▸ **Source data**:
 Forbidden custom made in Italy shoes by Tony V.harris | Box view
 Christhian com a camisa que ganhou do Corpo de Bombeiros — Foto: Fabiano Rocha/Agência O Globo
* * *
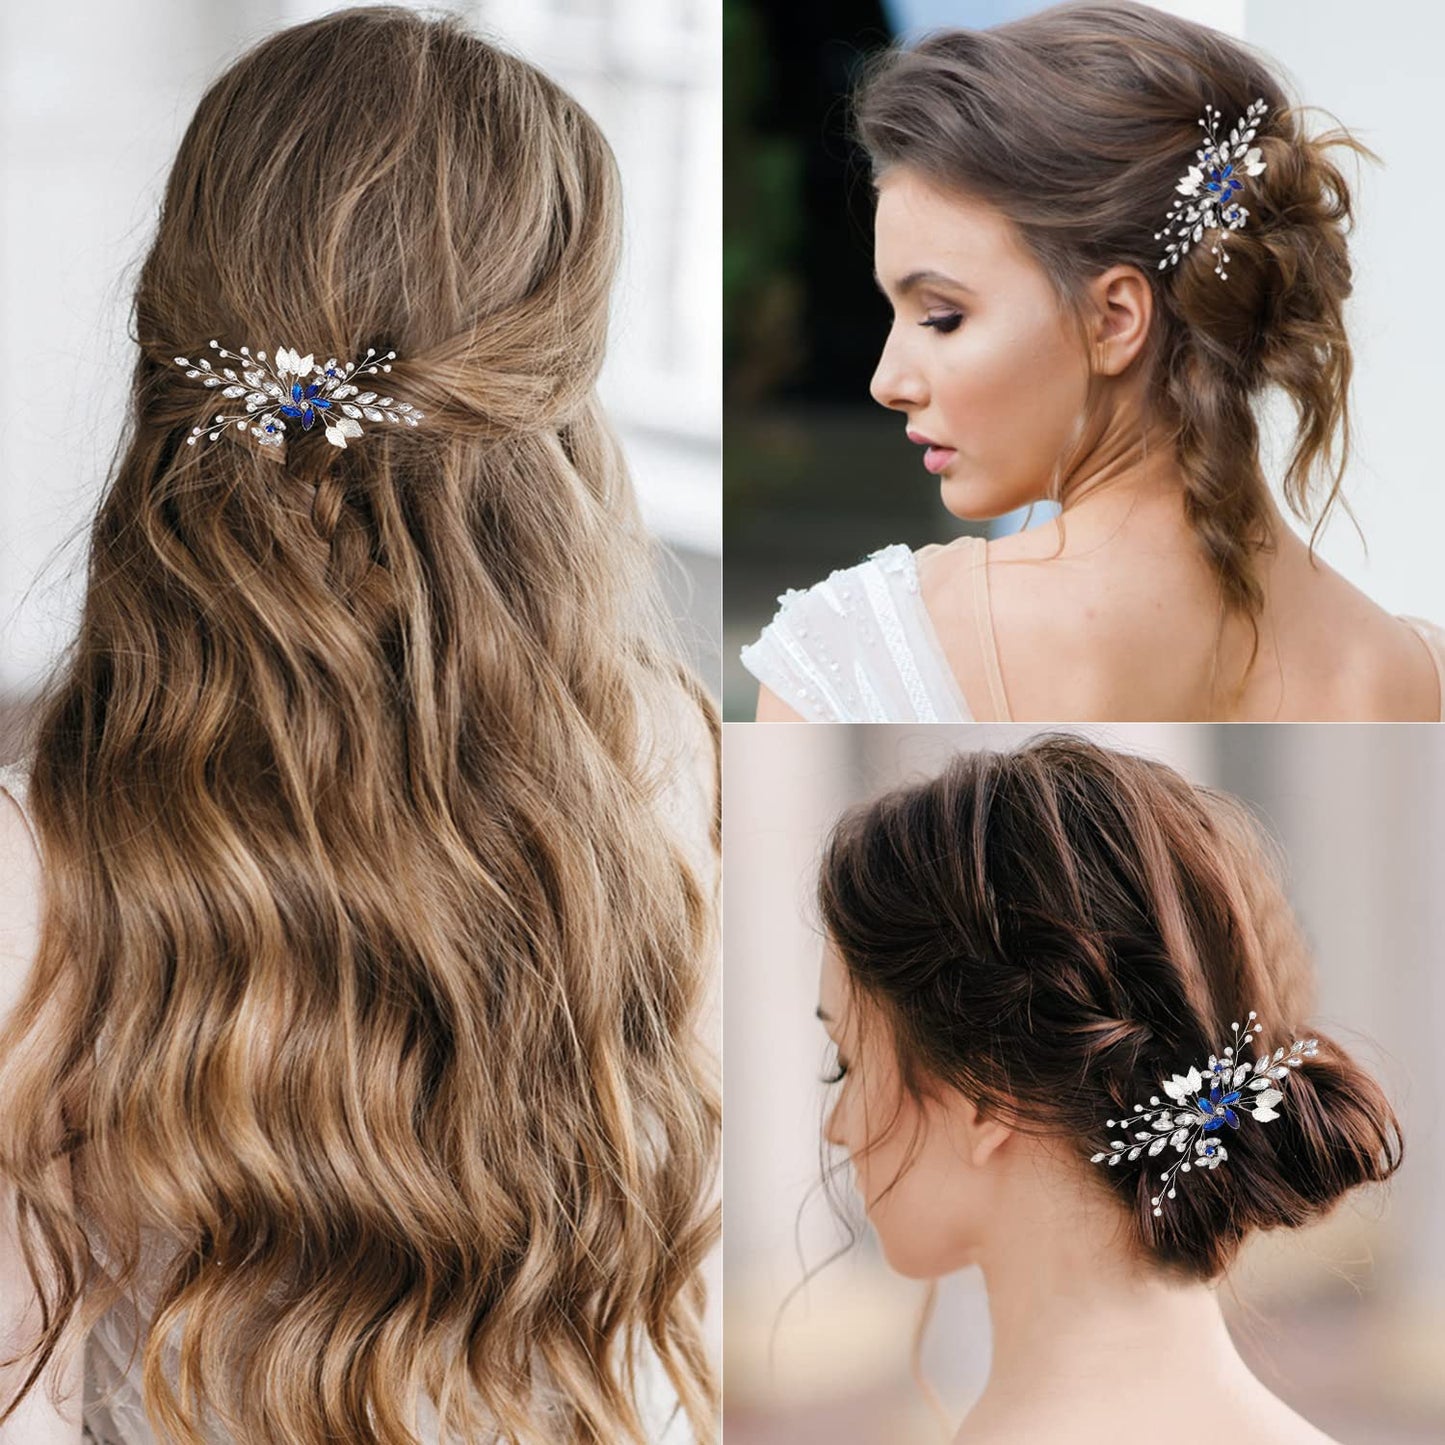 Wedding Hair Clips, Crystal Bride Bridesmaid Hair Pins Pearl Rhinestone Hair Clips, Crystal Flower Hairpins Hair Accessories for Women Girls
...
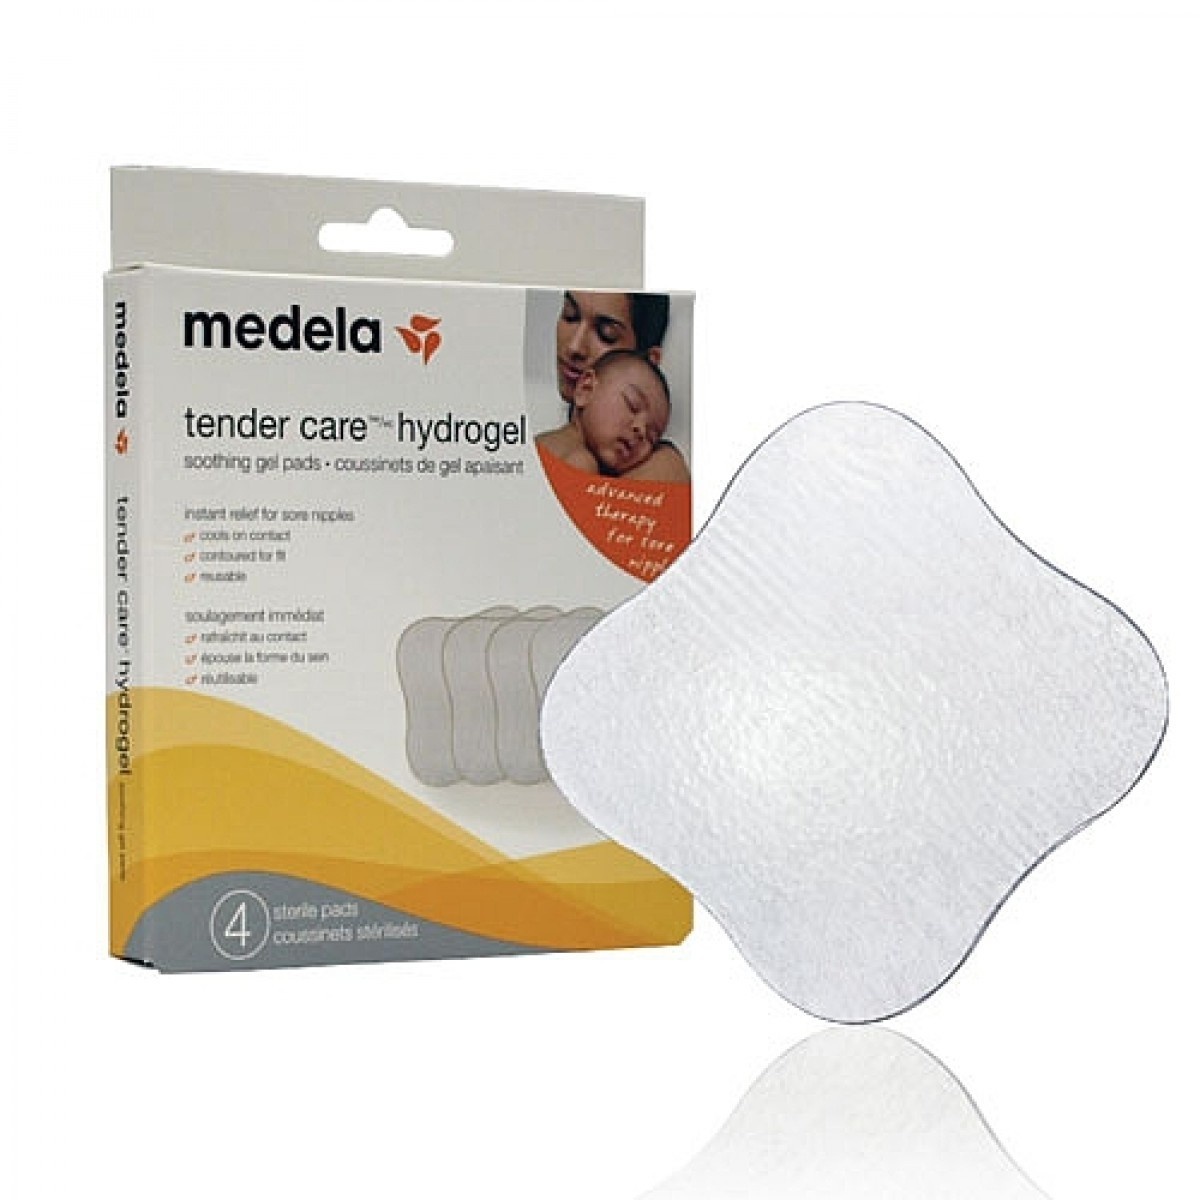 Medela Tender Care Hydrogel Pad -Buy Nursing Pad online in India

▸ **Action item**:
Beginning with the line containing "Forbidden custom made" in the material above, copy every line exactly until you have copied the line containing "Christhian com a".

▸ **Result of the task**:
 Forbidden custom made in Italy shoes by Tony V.harris | Box view
 Christhian com a camisa que ganhou do Corpo de Bombeiros — Foto: Fabiano Rocha/Agência O Globo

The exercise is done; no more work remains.